Input:
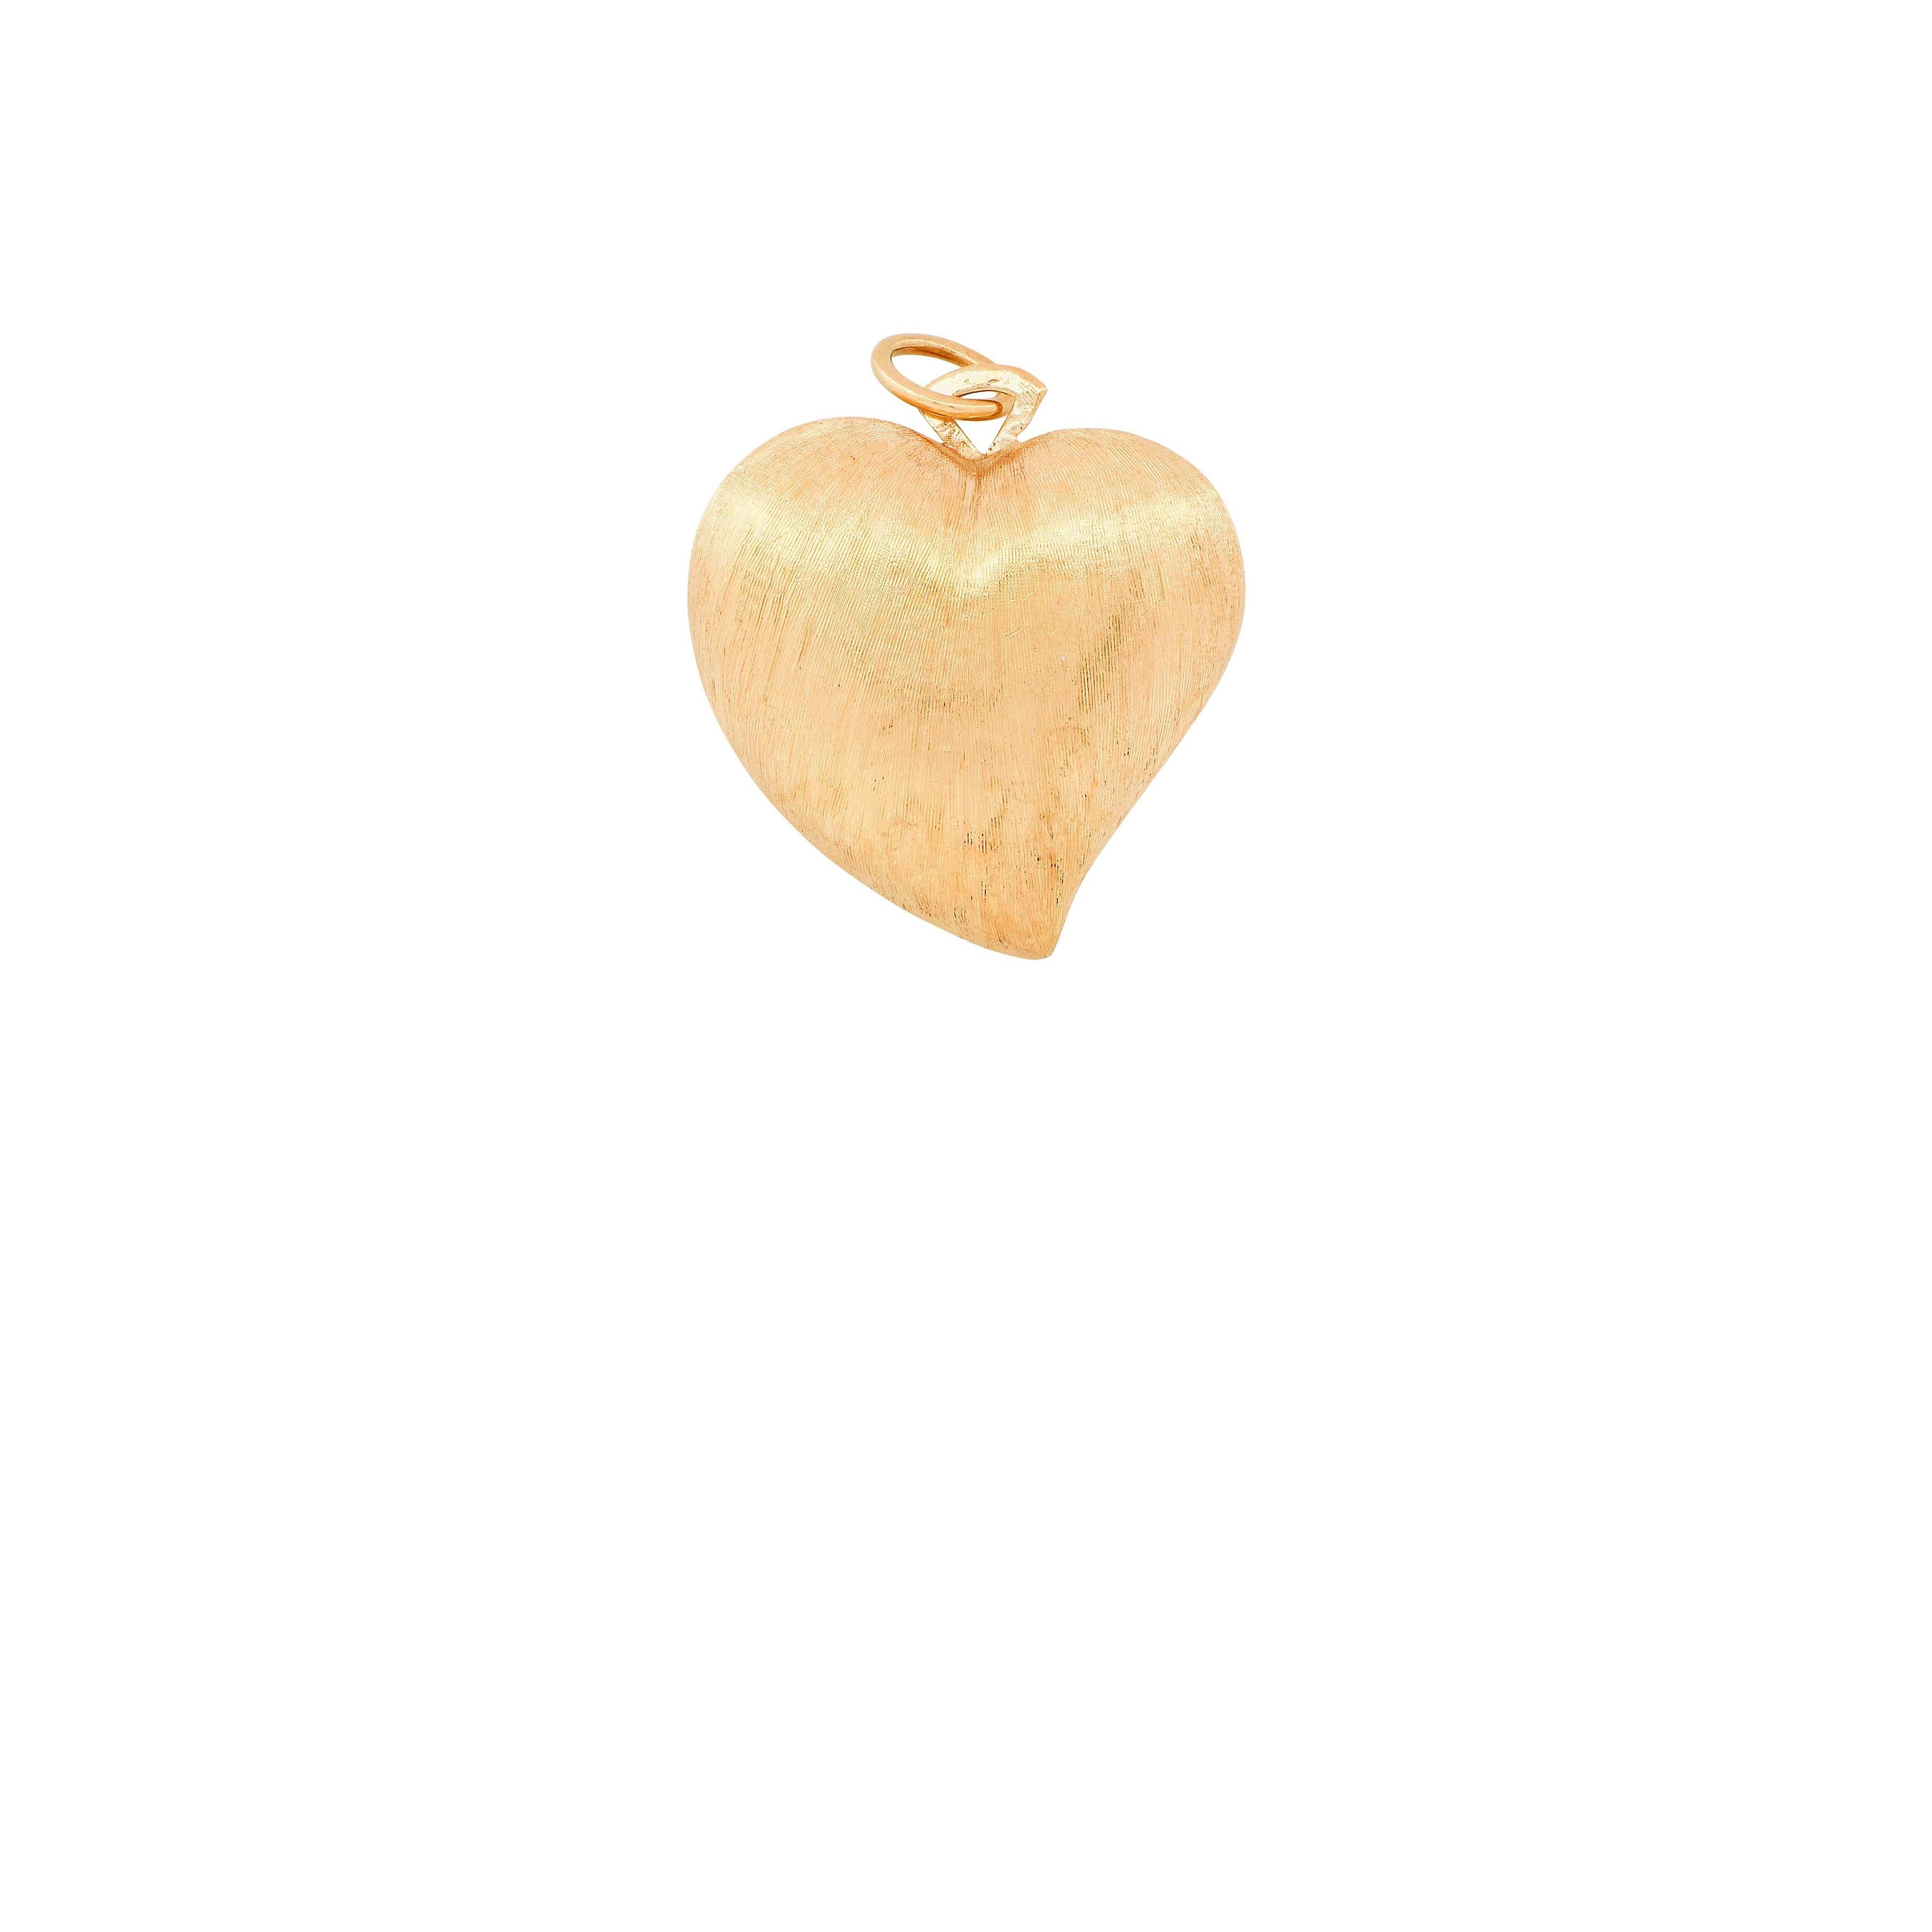 Brushed 18 Karat Yellow Gold Heart Shape Pendant

Metal Type: 18 Karat
Metal Weight: 10.9 Grams
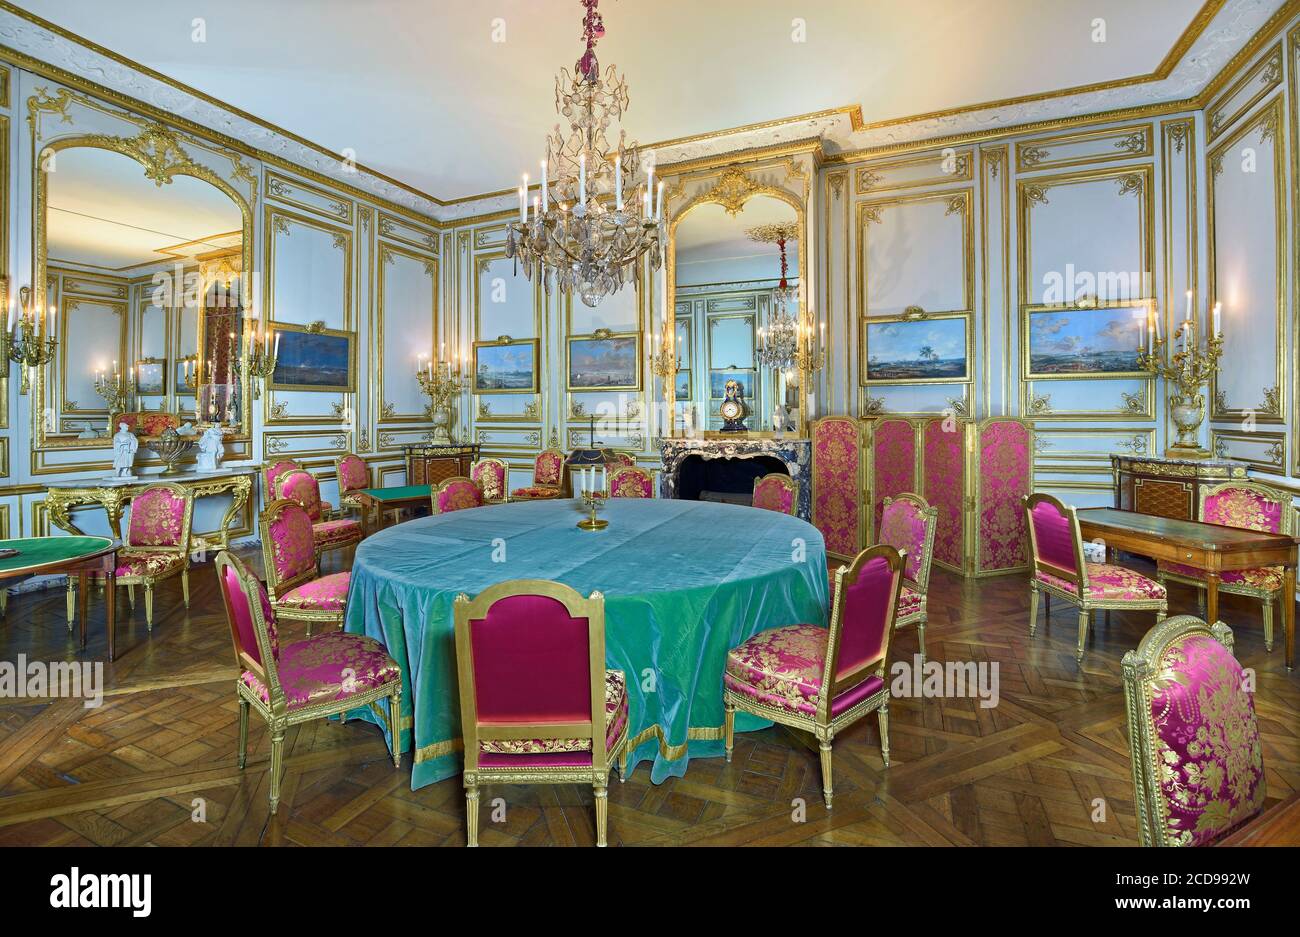 France, Yvelines, Versailles, château de Versailles classé au patrimoine mondial de l'UNESCO, appartement privé du roi, salle de jeux Louis XVI Banque D'Images
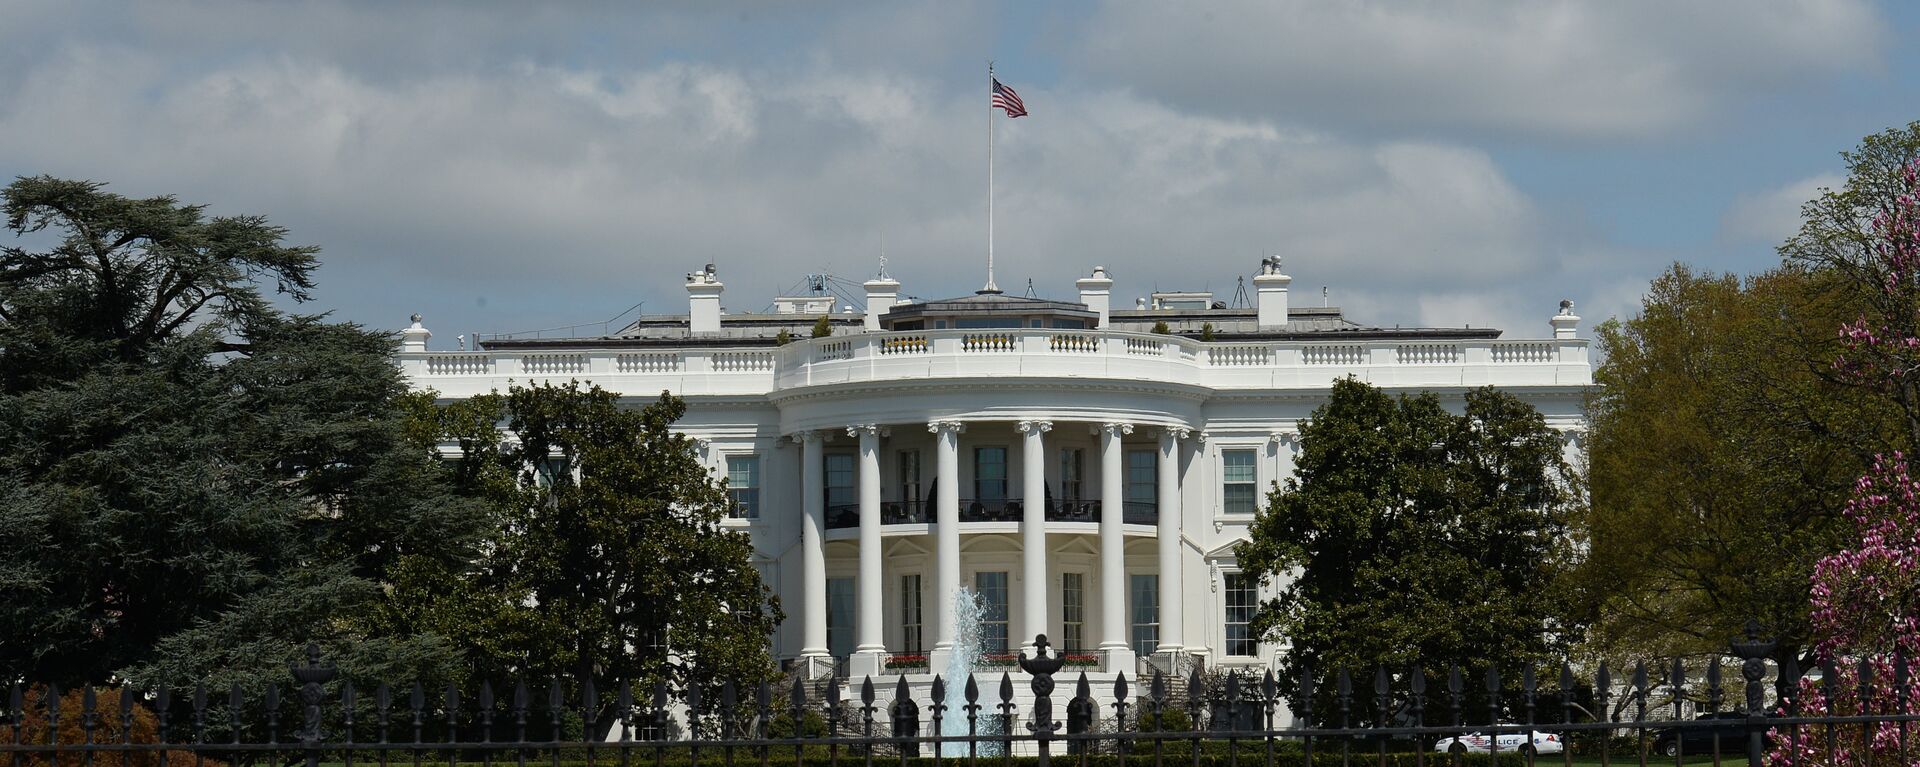 Официальная резиденция президента США - Белый дом в Вашингтоне - Sputnik Абхазия, 1920, 16.10.2022

Task to complete: What is needed here is an exact transcription of every record above, with images excluded.

Task response:
 Brushed 18 Karat Yellow Gold Heart Shape Pendant

Metal Type: 18 Karat
Metal Weight: 10.9 Grams
 France, Yvelines, Versailles, château de Versailles classé au patrimoine mondial de l'UNESCO, appartement privé du roi, salle de jeux Louis XVI Banque D'Images
 Официальная резиденция президента США - Белый дом в Вашингтоне - Sputnik Абхазия, 1920, 16.10.2022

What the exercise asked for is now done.